We conducted a prospective, randomized, multicenter, 3-arm trial (tight control [target 70 to 110 mg/dL], loose control [target 70 to 200 mg/dL], and control usual care [70 to 300 mg/dL]) to assess the feasibility and safety of 2 insulin infusion protocol targets in patients with acute ischemic stroke. The planned sample was 72 subjects.
A total of 74 subjects were enrolled. Seventy-two (97%) had data available for the primary analyses and 73 (99%) had 3-month clinical outcome data. Median age was 67 years, median National Institutes of Health Stroke Scale score was 8, median glucose was 163 mg/dL, and median time to randomization was 10.7 hours. Fifty-nine percent of patients were diabetic, 35% received thrombolysis, and 14% of subjects died within 3 months. The loose control and usual care groups had median glucose concentrations of 151 mg/dL. The tight control group had a median glucose concentration of 111 mg/dL. The loose control group spent 90% of the first 24 hours in target and the tight group 44% of time in target.
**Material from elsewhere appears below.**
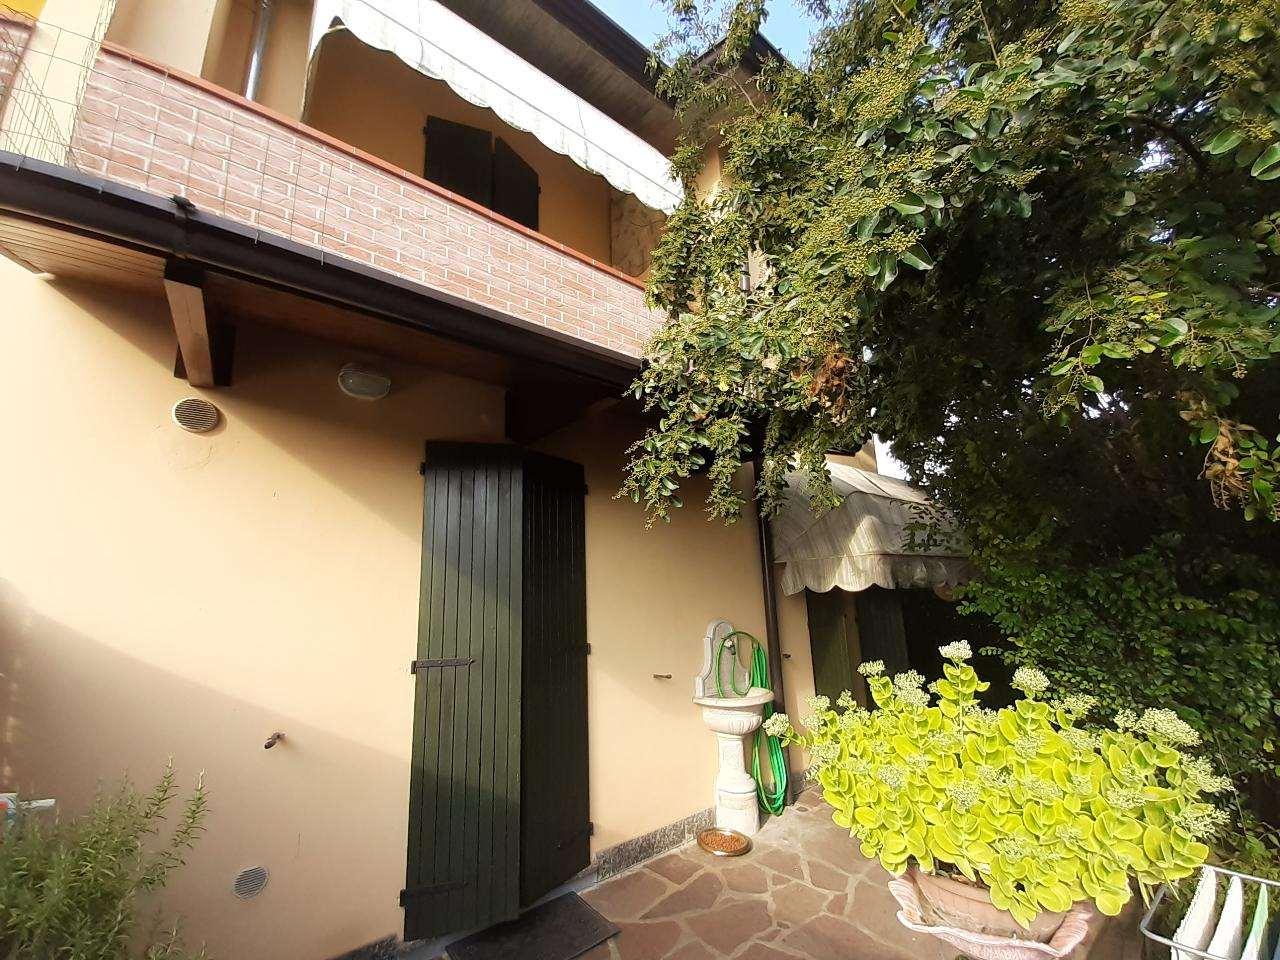 Villa a Schiera in vendita a Pieve San Giacomo, 3 locali, prezzo € 127.000 | PortaleAgenzieImmobiliari.it
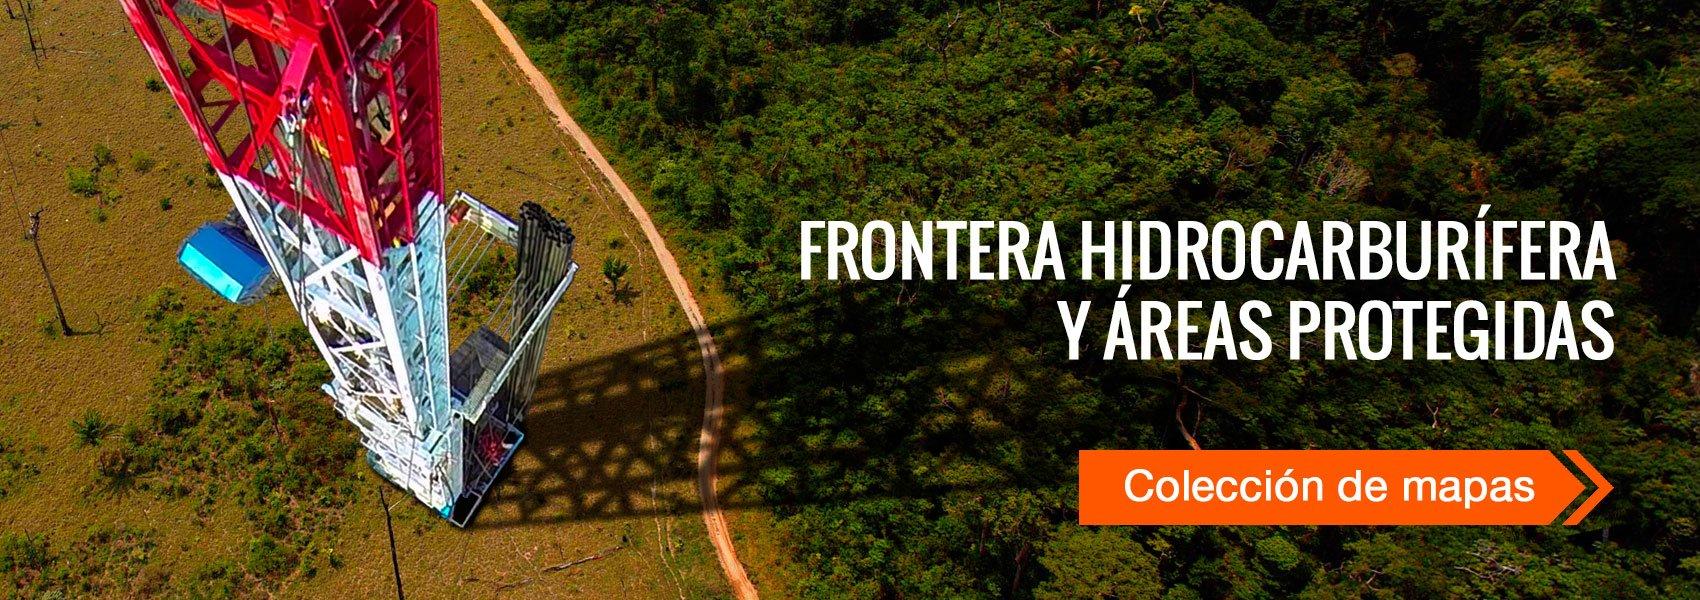 Frontera hidrocarburífera y áreas protegidas. Mapas

There was only one symptomatic patient with hypoglycemia in the loose control group (4%) and zero in the tight control group. The overall rates of hypoglycemia (<55 mg/dL) were 4% in control, 4% in loose, and 30% in tight. Exploratory efficacy analysis was conducted.
Insulin infusion for patients with acute ischemic stroke is feasible and safe using the insulin infusion protocol in the Glucose Regulation in Acute Stroke Patients (GRASP) trial. Exploratory efficacy analysis supports further comparative study.